Enfin, la narratrice recourt aussi à l’imaginaire pour traverser et transmuer la violence de son vécu. Elle imagine écrire des cartes postales à sa mère.

Ils ont rebaptisé les camps juste avant notre débarquement. La pancarte est encore toute neuve, sans craquelures – des lettres blanches sur fond bleu marine. Elle évoque un club de vacances au bord de la mer, d’où l’on enverrait une carte postale à sa famille, sur le continent : / 31 janvier 1969, camp de la Mer de Prospérité. Chère mère, nous venons d’arriver, Tao et moi, dans l’île. Il fait beau mais il y a du vent. (Moï, 2009, p. 19)

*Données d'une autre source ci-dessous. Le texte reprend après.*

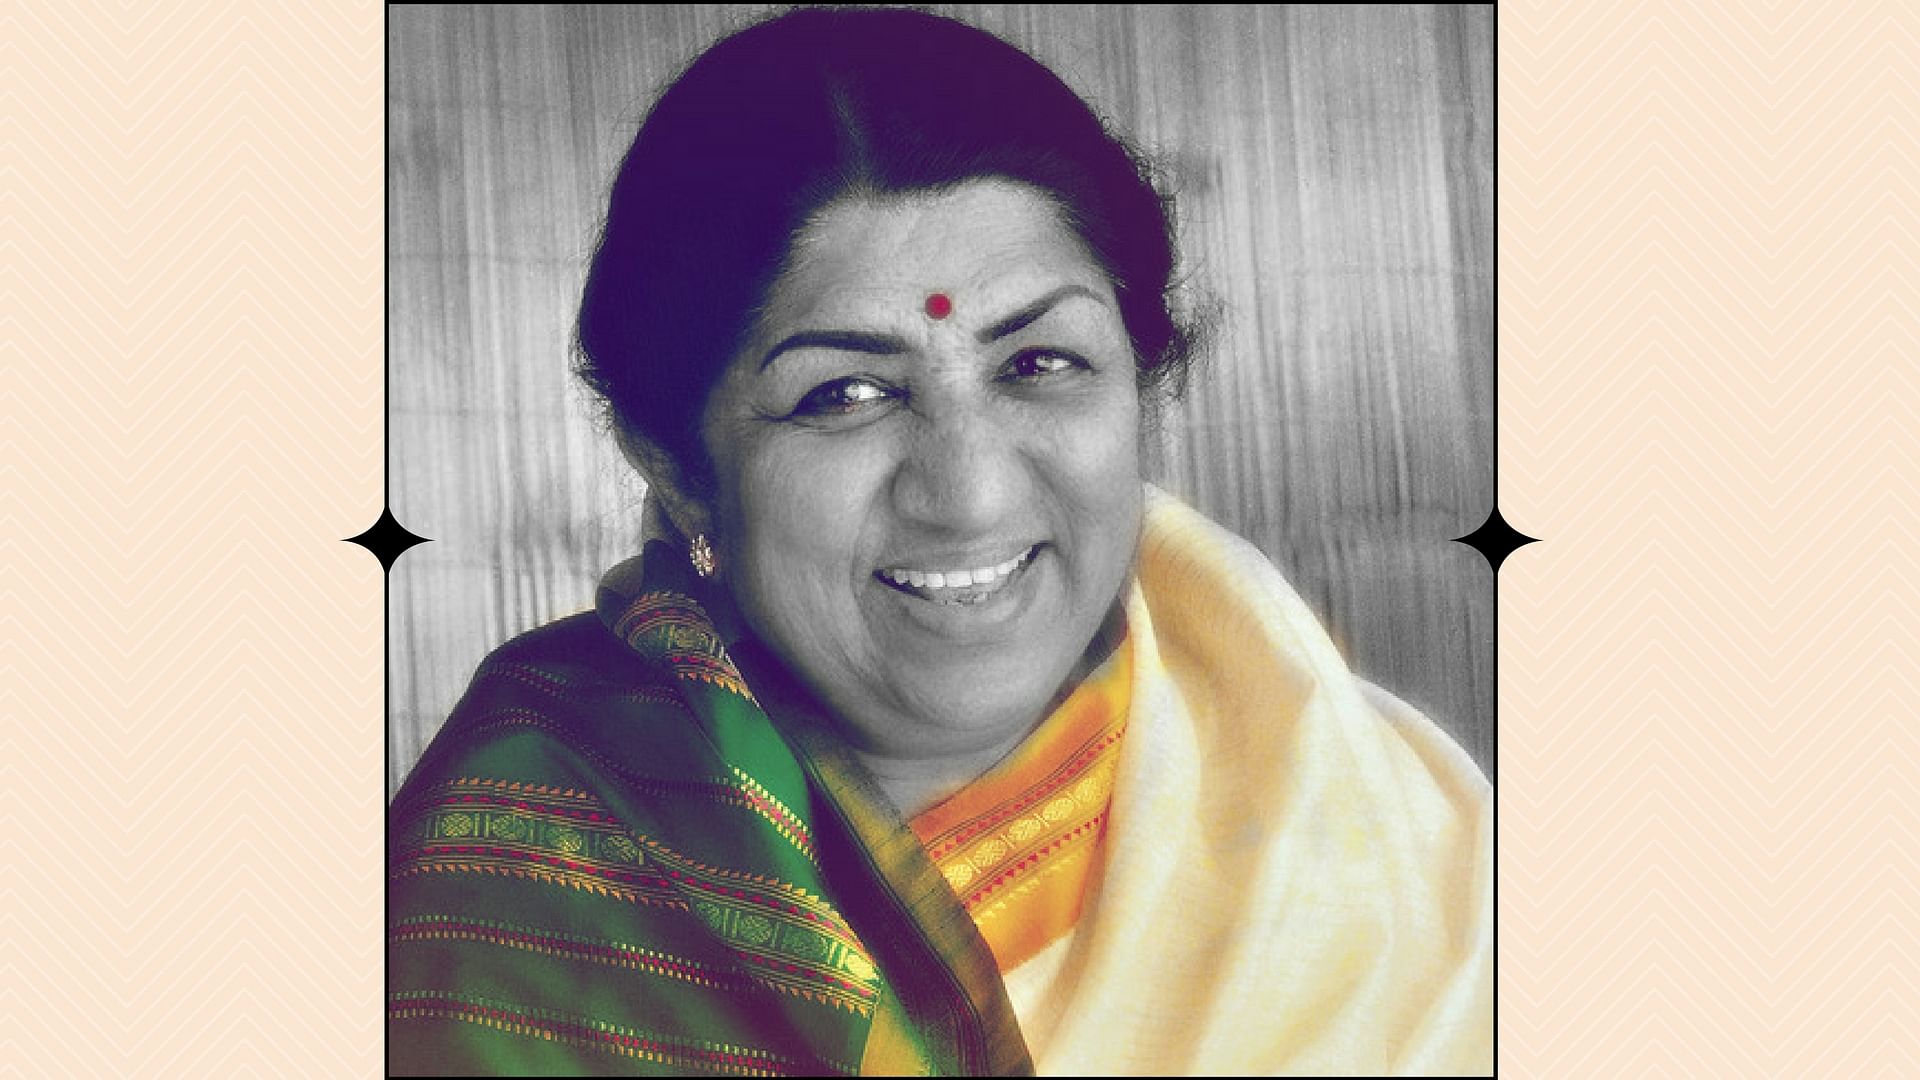 Lata Mangeshkar shares the highs and lows of her life as India’s nightingale. (Photo courtesy: Twitter/<a href="https://twitter.com/talqueenx">@<b>talqueenx</b></a>; altered by The Quint)

Ces cartes postales imaginaires adressées à la mère parsèment le récit, offrant ainsi un contrepoint au réel qui, lui, est inimaginable. Ainsi, les mouches noires qui couvrent le bol de riz que l’on sert à manger aux prisonnières se trouvent évoquées de manière tout à fait anodine : « Il y a un peu trop de mouches, comme à la campagne » ((Moï, 2009, p. 24). Le réel y est transformé, transfiguré, adouci pour être supportable. L’enfance, dans toute son innocence, peut s’y déployer sans crainte d’être détruite. « Le sable est blanc, beaucoup plus blanc qu’à Vung Tau où nous sommes allées toutes les trois prendre notre premier bain de mer » (Moï, 2009, p. 20). Cette technique narrative est à l’image du travail de réécriture de l’écrivain, qui épure, sélectionne, filtre les informations et les agence pour reconstruire le réel. Ainsi, l’appel aux sens, à l’enfance et à l’imaginaire permet à la narratrice de ne pas sombrer dans la plainte, la haine ou le désespoir. La mémoire devient refuge.